2, analysis configuration message file, the different value that is provided with according to function Function item in the configuration file produces different data sources, comprises that keyword set, text to be matched or both produce simultaneously.

2.1 function Function item is 1, then should generate keyword set, the characteristic of keyword set is given by the corresponding entry in the configuration file, and the keyword set of generation saves as binary file, filename is that the patternfile parameter is given in the configuration file, is defaulted as pattern.cfg.

(1) have about the parameter that produces keyword set among the configuration file configure: whether character set size sigmasize, keyword number patternnum, keyword are elongated patterntype, high frequency keyword minimum length Hminlen and maximum length Hmaxlen, high frequency keyword ratio patternratio, other keyword minimum length Lminlen and maximum length Lmaxlen etc.Describe in detail below according among the configure about the method for each parameter generating keyword set of keyword set:

(1.1) judge the patterntype parameter item, whether each length keywords is elongated in this parametric representation keyword set, if patterntype is 0, the length keywords of Chan Shenging is identical so, read in the length of the value of parameter L minlen, change step (1.3) over to as keyword; If patterntype is 1, illustrate that the length keywords that requires to produce does not wait, and changes (1.2) over to and continues to read parameter;

(1.2) reading Hminlen and Hmaxlen parameter, be respectively the minimum and the maximum length of high frequency keyword, read the patternratio parameter, is the number percent that the high frequency keyword occupies in all keywords; Read Lminlen and Lmaxlen parameter,, enter next step then for the minimum of other keyword except that the high frequency keyword with to big length;

(1.3) read the sigmasize parameter and obtain the character set size (should be 1～256) that produces keyword, read the keyword number that the patternnum parameter obtains needs generation;

(1.4) according to each parameter that reads above, and the keyword set file name that provides of patternfile parameter is as the input of keyword set maker module, produce keyword set file at random, the keyword form is " keyword numbering+tab+ keyword+newline ".

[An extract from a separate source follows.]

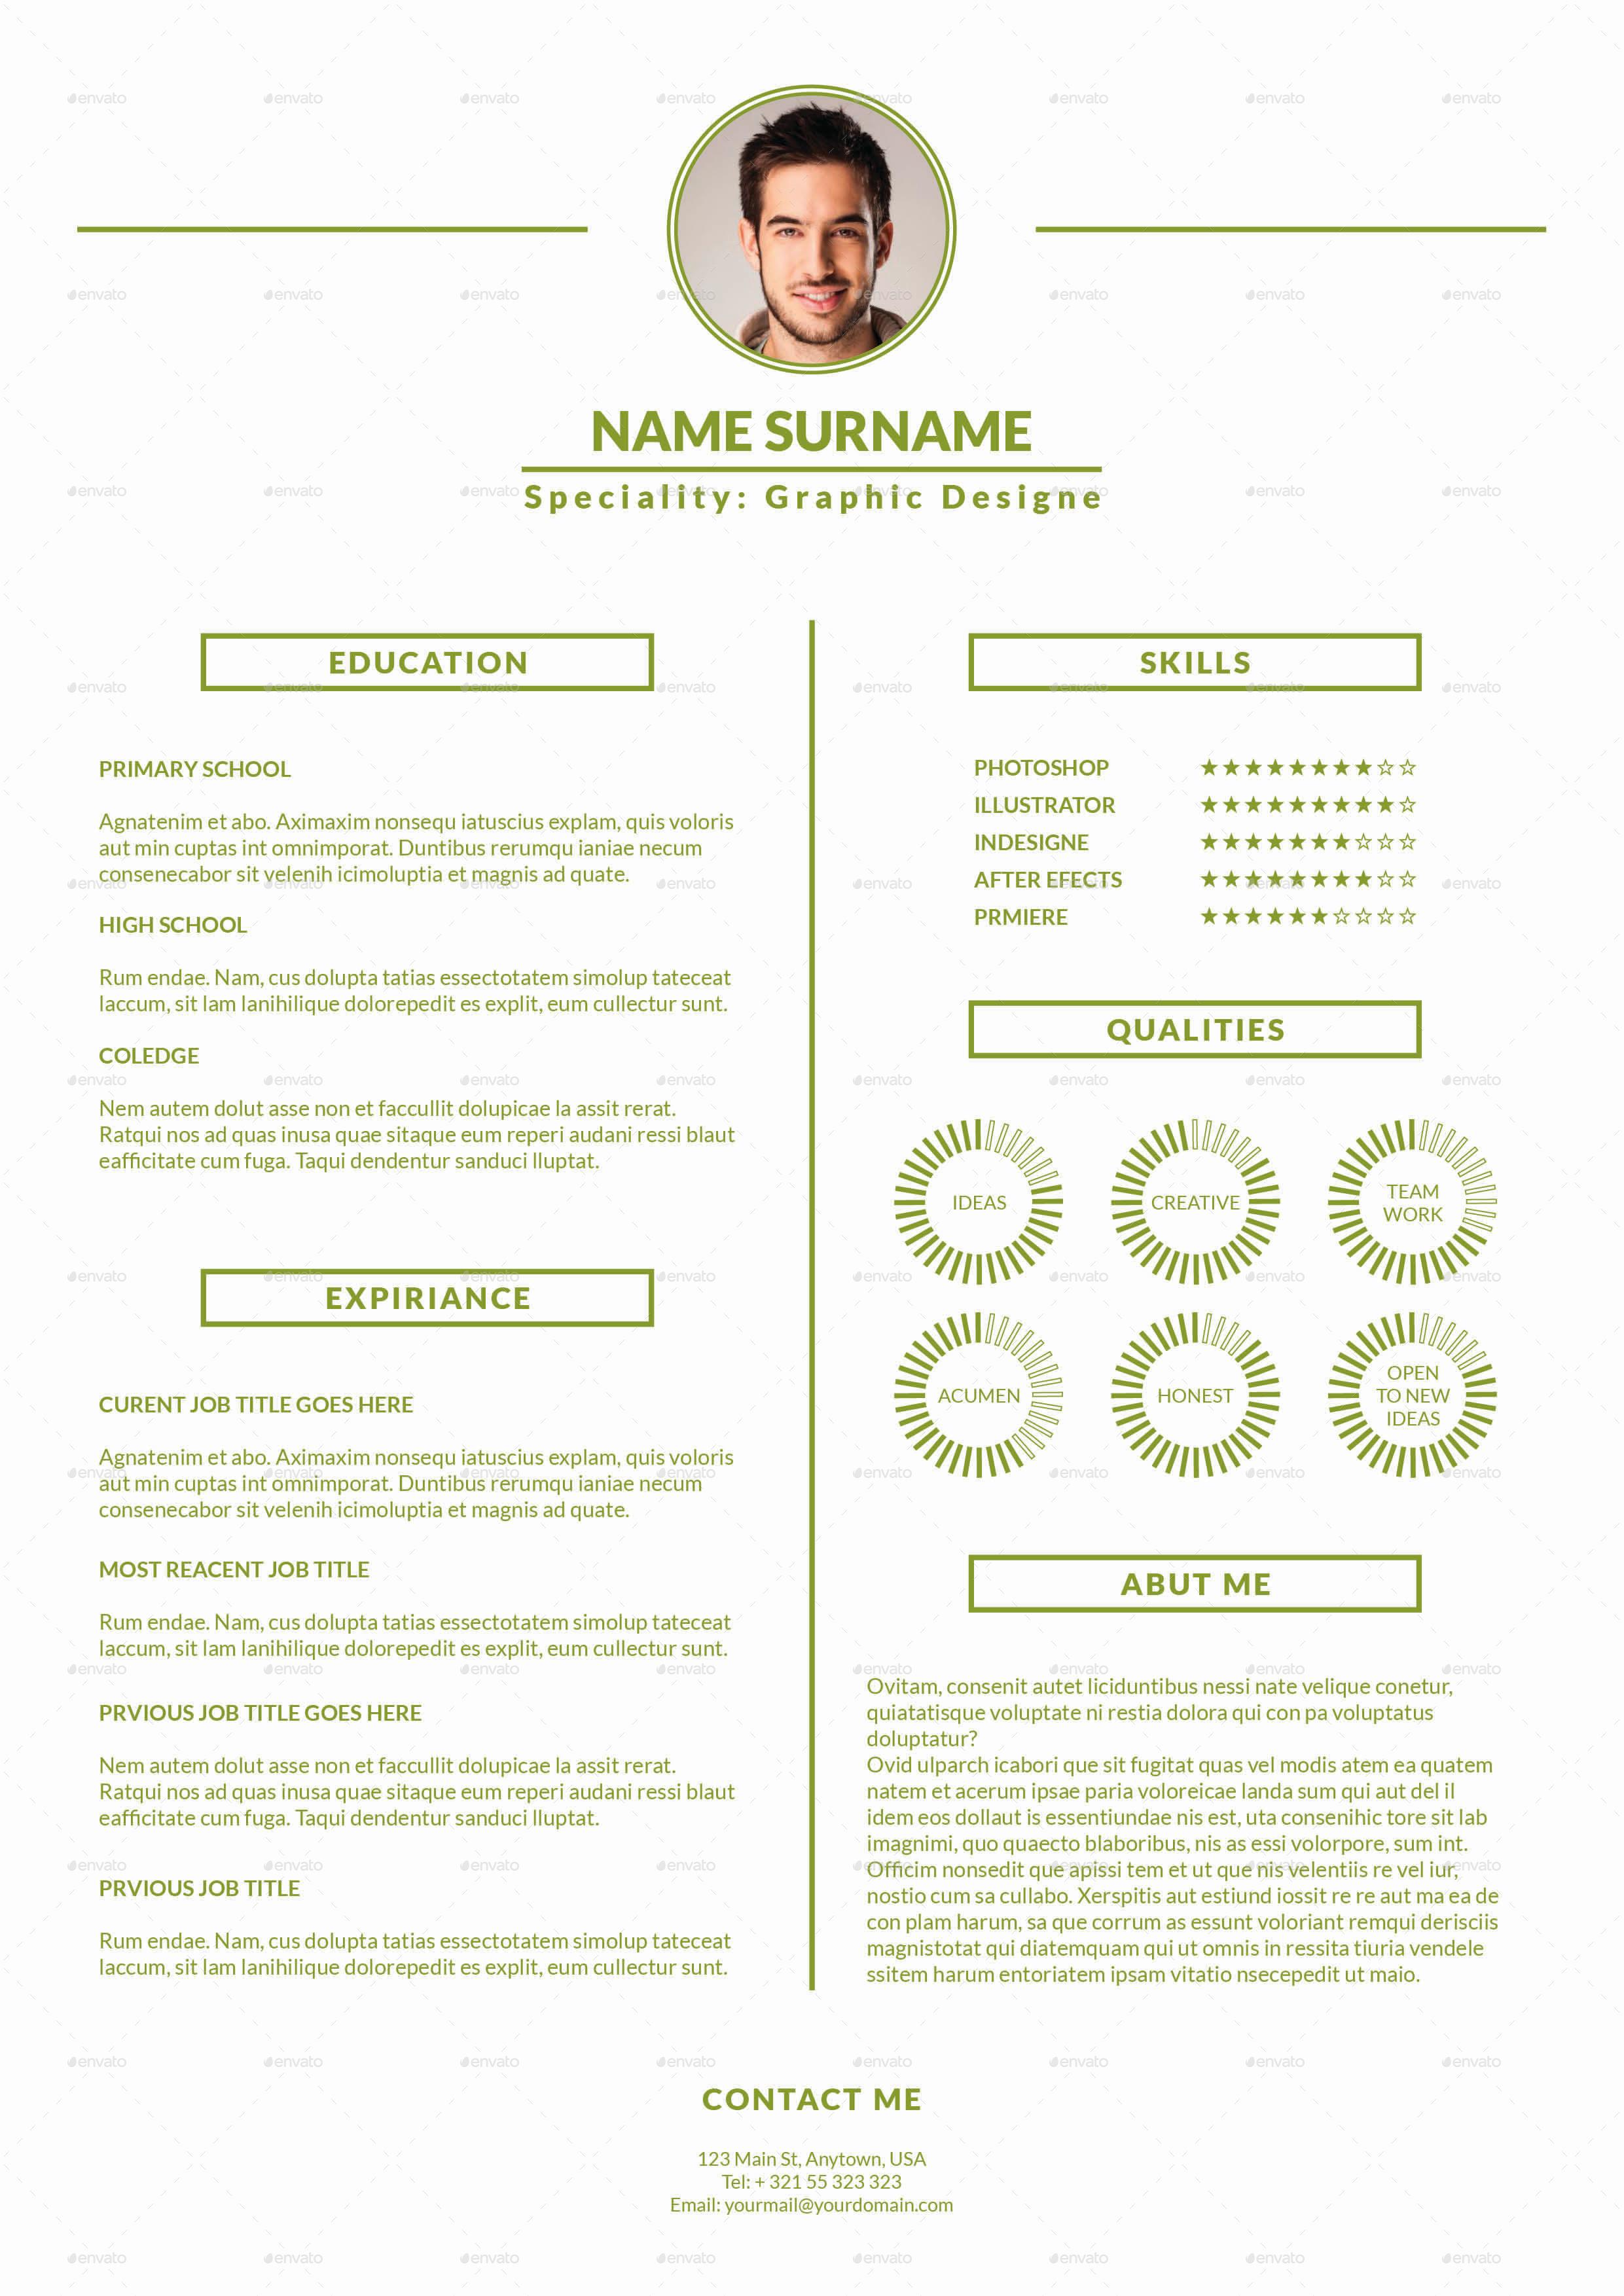 minimalistic cv resume template by milos83 graphicriver

The example of parameters that produces the keyword set configuration is as shown in table 2:

Table 2 produces the example of parameters table that keyword set can dispose

Configuration item	Numerical value	The configuration item explanation
Configuration item	Numerical value	The configuration item explanation	??randseed	??100	Random seed is made as default value
??sigmasize	??256	The character set size is made as 256	??randseed	??100	Random seed is made as default value
??sigmasize	??256	The character set size is made as 256	??beginASC	??0	Bebinning character ASCII character (sigmasize+beginASC must be less than or equal to 256)
??Function	??1	Function=1 generates pattern at random	??beginASC	??0
??Function	??1	Function=1 generates pattern at random	??patternnum	??50000	50000 of keyword numbers
??patterntype	??1	Length keywords is variable	??patternnum	??50000	50000 of keyword numbers
??patterntype	??1	Length keywords is variable	??patternratio	??80	High frequency byte ratio (80%), high frequency length keyword accounts for 80% of all keyword sums
??Hminlen	??8	The minimum length 8bytes of high frequency keyword	??patternratio	??80
??Hminlen	??8	The minimum length 8bytes of high frequency keyword	??Hmaxlen	??16	The most fiery length 16bytes of high frequency keyword
??Lminlen	??4	The minimum length 4bytes of other keywords	??Hmaxlen	??16	The most fiery length 16bytes of high frequency keyword
??Lminlen	??4	The minimum length 4bytes of other keywords	??Lmaxlen	??100	The maximum length 100bytes of other keywords
??patternfile	??Pattern.cfg	The file of depositing of output keyword set is called pattern.cfg	??Lmaxlen	??100	The maximum length 100bytes of other keywords

(2) if already present keyword set file is arranged, as virus base file or spam library file, can be made as 3 to the function Function item in the configuration file, be the unified binary format file of this platform with the keyword set file conversion, and filename is specified by the patternfile parameter.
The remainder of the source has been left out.